§ Task to carry out: Skip the pictures. Transcribe the rest of the data below without changing a word.
**** Dataset excerpt ****
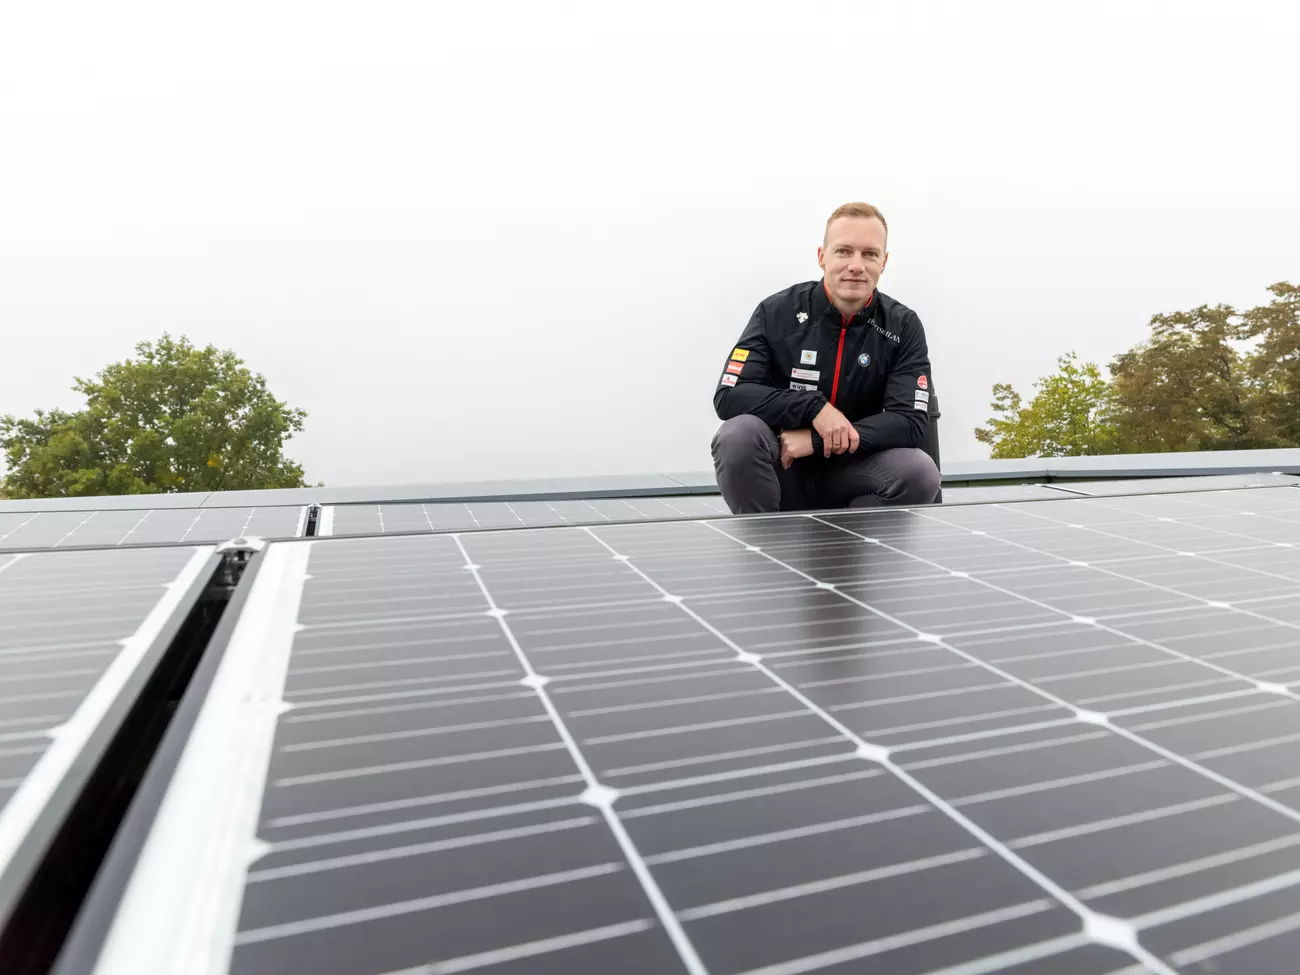 Bobfahrer Francesco Friedrich auf Dach mit Solarmodulen
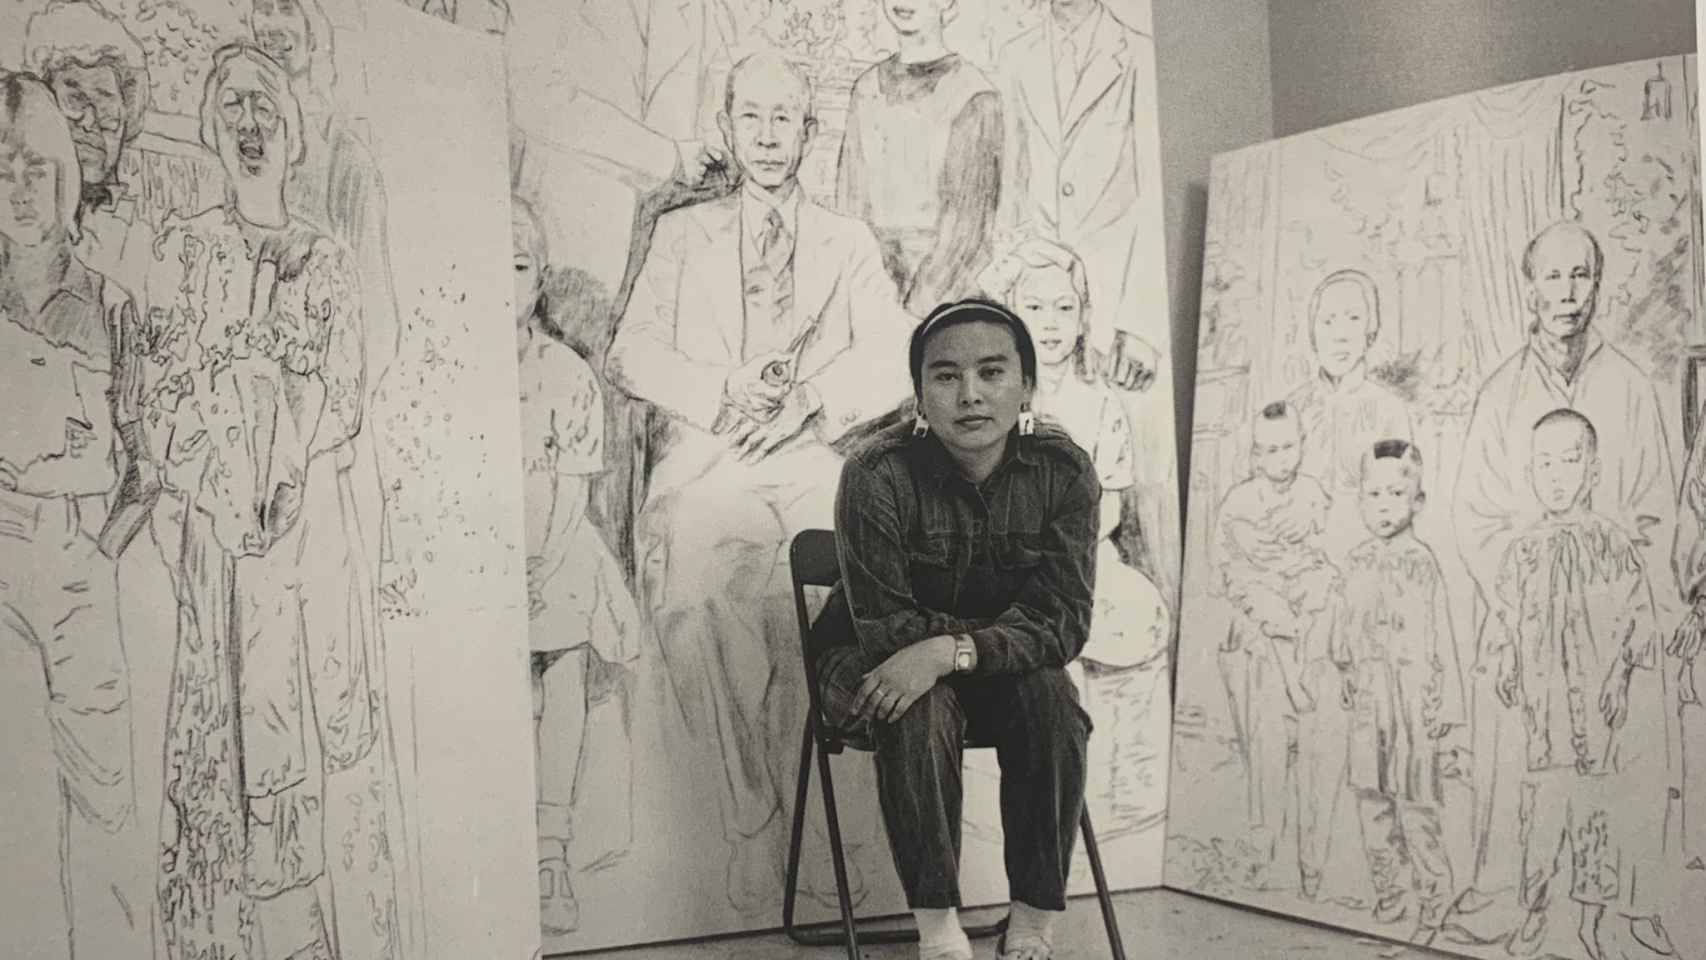 Hung Liu durante su residencia artística en Capp Street Project, San Francisco, 1988.
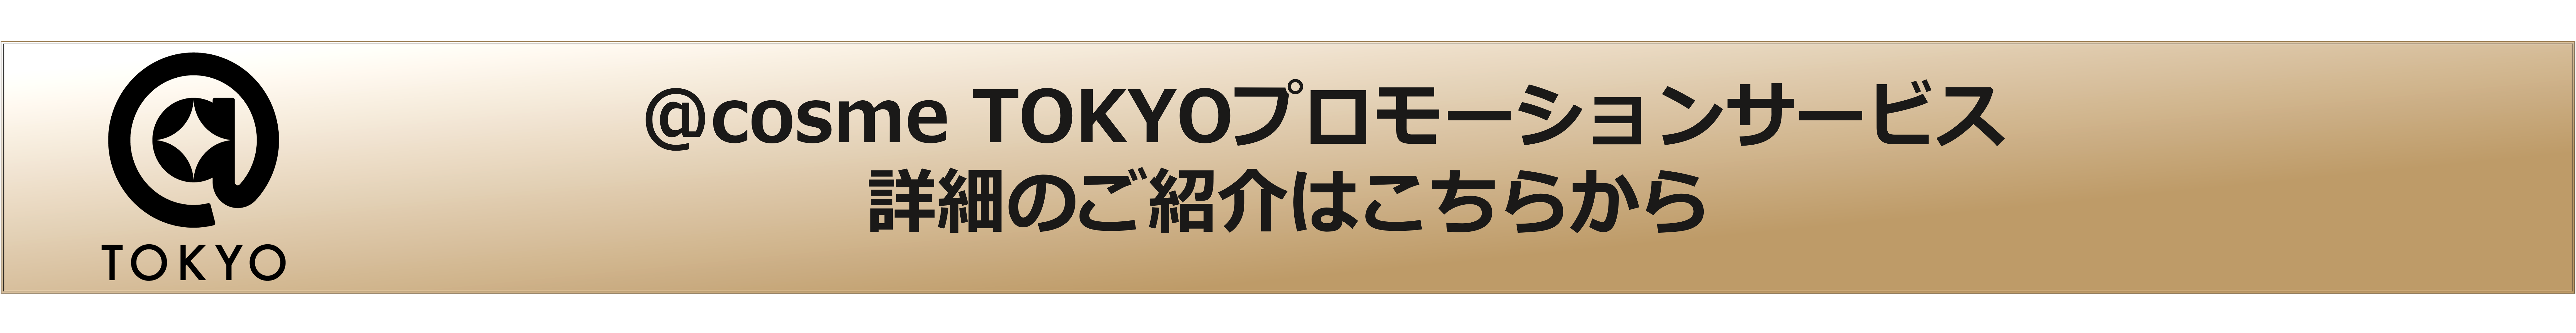 TOKYO_サービスバナー1
****
§ Task result:
 Bobfahrer Francesco Friedrich auf Dach mit Solarmodulen
 Hung Liu durante su residencia artística en Capp Street Project, San Francisco, 1988.
 TOKYO_サービスバナー1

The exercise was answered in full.